VAEGAN

This module is the implementation of the VAE-GAN model proposed in (https://arxiv.org/abs/1512.09300).

Available samplers

NormalSampler

Samples from a Standard normal distribution in the Autoencoder’s latent space.

GaussianMixtureSampler

Fits a Gaussian Mixture in the Autoencoder’s latent space.

TwoStageVAESampler

Fits a second VAE in the Autoencoder’s latent space.

MAFSampler

Fits a Masked Autoregressive Flow in the Autoencoder’s latent space.

IAFSampler

Fits an Inverse Autoregressive Flow in the Autoencoder’s latent space.

class pythae.models.VAEGANConfig(input_dim=None, latent_dim=10, uses_default_encoder=True, uses_default_decoder=True, reconstruction_loss='mse', adversarial_loss_scale=0.5, reconstruction_layer=- 1, uses_default_discriminator=True, discriminator_input_dim=None, equilibrium=0.68, margin=0.4)[source]

Adversarial AE model config class.

Parameters
  • input_dim (tuple) – The input_data dimension.

  • latent_dim (int) – The latent space dimension. Default: None.

  • reconstruction_loss (str) – The reconstruction loss to use [‘bce’, ‘mse’]. Default: ‘mse’

  • adversarial_loss_scale (float) – Parameter scaling the adversarial loss

  • reconstruction_layer (int) – The reconstruction layer depth used for reconstruction metric

class pythae.models.VAEGAN(model_config, encoder=None, decoder=None, discriminator=None)[source]

Variational Autoencoder using Adversarial reconstruction loss model.

Parameters
  • model_config (VAEGANConfig) – The Autoencoder configuration setting the main parameters of the model.

  • encoder (BaseEncoder) – An instance of BaseEncoder (inheriting from torch.nn.Module which plays the role of encoder. This argument allows you to use your own neural networks architectures if desired. If None is provided, a simple Multi Layer Preception (https://en.wikipedia.org/wiki/Multilayer_perceptron) is used. Default: None.

  • decoder (BaseDecoder) – An instance of BaseDecoder (inheriting from torch.nn.Module which plays the role of decoder. This argument allows you to use your own neural networks architectures if desired. If None is provided, a simple Multi Layer Preception (https://en.wikipedia.org/wiki/Multilayer_perceptron) is used. Default: None.

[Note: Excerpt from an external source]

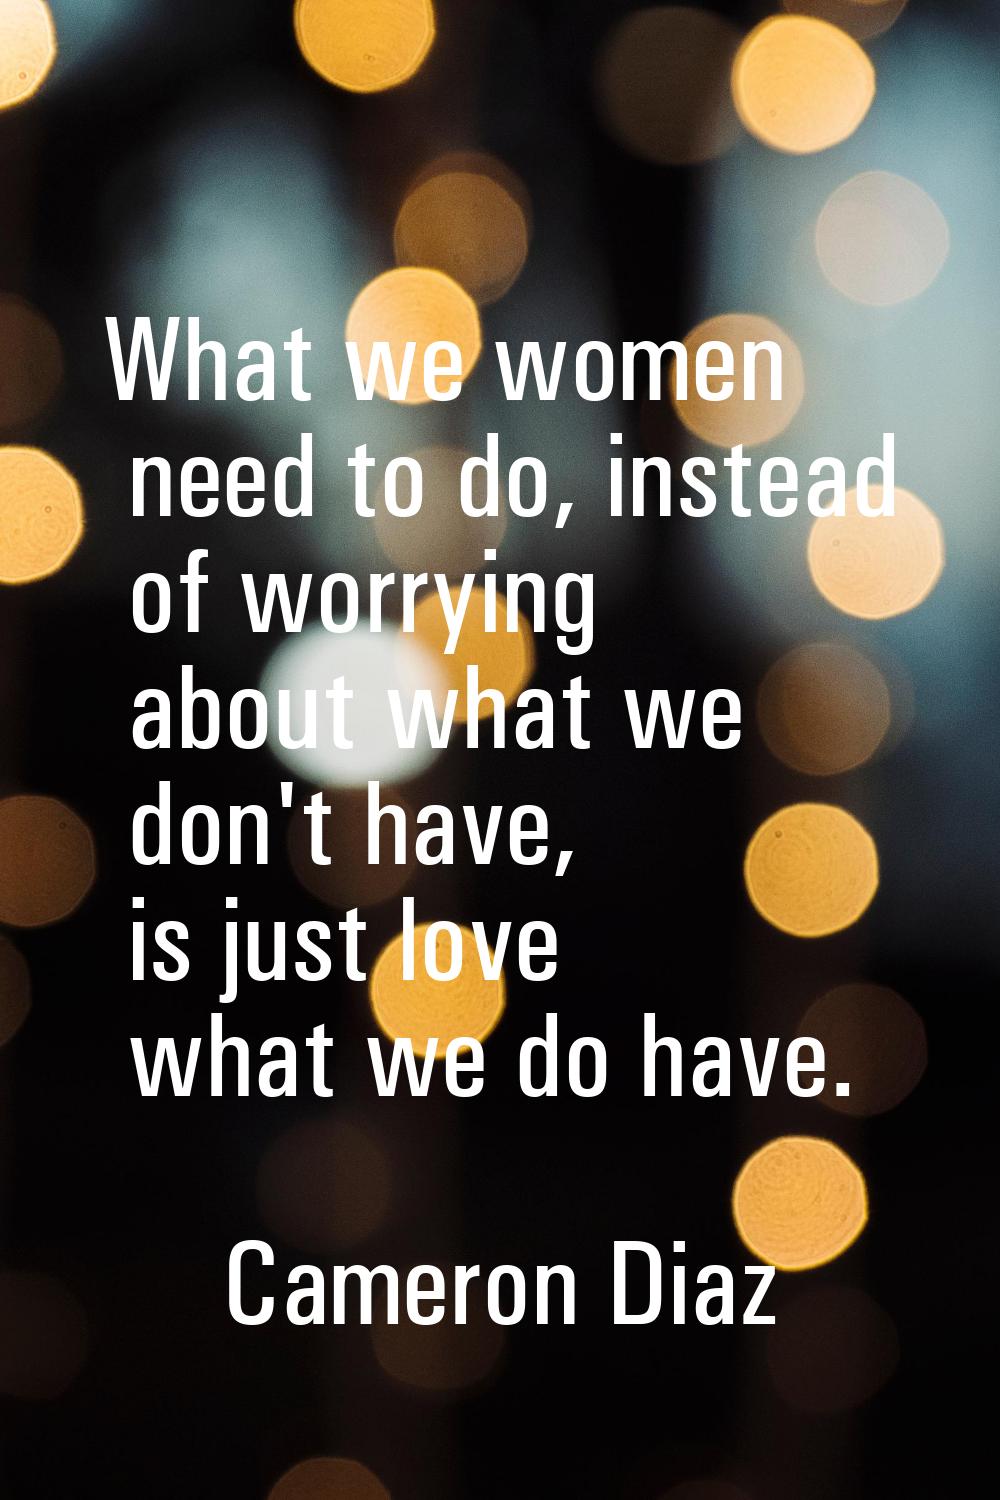 What we women need to do, instead of worrying about what we don't have, is just love what we do hav

  • discriminator (BaseDiscriminator) – An instance of BaseDiscriminator (inheriting from torch.nn.Module which plays the role of discriminator. This argument allows you to use your own neural networks architectures if desired. If None is provided, a simple Multi Layer Preception (https://en.wikipedia.org/wiki/Multilayer_perceptron) is used. Default: None.

Note

For high dimensional data we advice you to provide you own network architectures. With the provided MLP you may end up with a MemoryError.

forward(inputs, **kwargs)[source]

The input data is encoded and decoded

Parameters

inputs (BaseDataset) – An instance of pythae’s datasets

Returns

An instance of ModelOutput containing all the relevant parameters

Return type

ModelOutput

classmethod load_from_folder(dir_path)[source]

Class method to be used to load the model from a specific folder

Parameters

dir_path (str) – The path where the model should have been be saved.

Note

This function requires the folder to contain:

  • a model_config.json and a model.pt if no custom architectures were provided

or

  • a model_config.json, a model.pt and a encoder.pkl (resp. decoder.pkl) if a custom encoder (resp. decoder) was provided
classmethod load_from_hf_hub(hf_hub_path, allow_pickle=False)[source]

Class method to be used to load a pretrained model from the Hugging Face hub

Parameters

hf_hub_path (str) – The path where the model should have been be saved on the hugginface hub.

Note

This function requires the folder to contain:

  • a model_config.json and a model.pt if no custom architectures were provided

or

  • a model_config.json, a model.pt and a encoder.pkl (resp. decoder.pkl and discriminator) if a custom encoder (resp. decoder and/or discriminator) was provided
save(dir_path)[source]

Method to save the model at a specific location

Parameters

dir_path (str) – The path where the model should be saved. If the path path does not exist a folder will be created at the provided location.

set_discriminator(discriminator)[source]

This method is called to set the metric network outputing the \(L_{\psi_i}\) of the metric matrices

Parameters

metric (BaseMetric) – The metric module that need to be set to the model.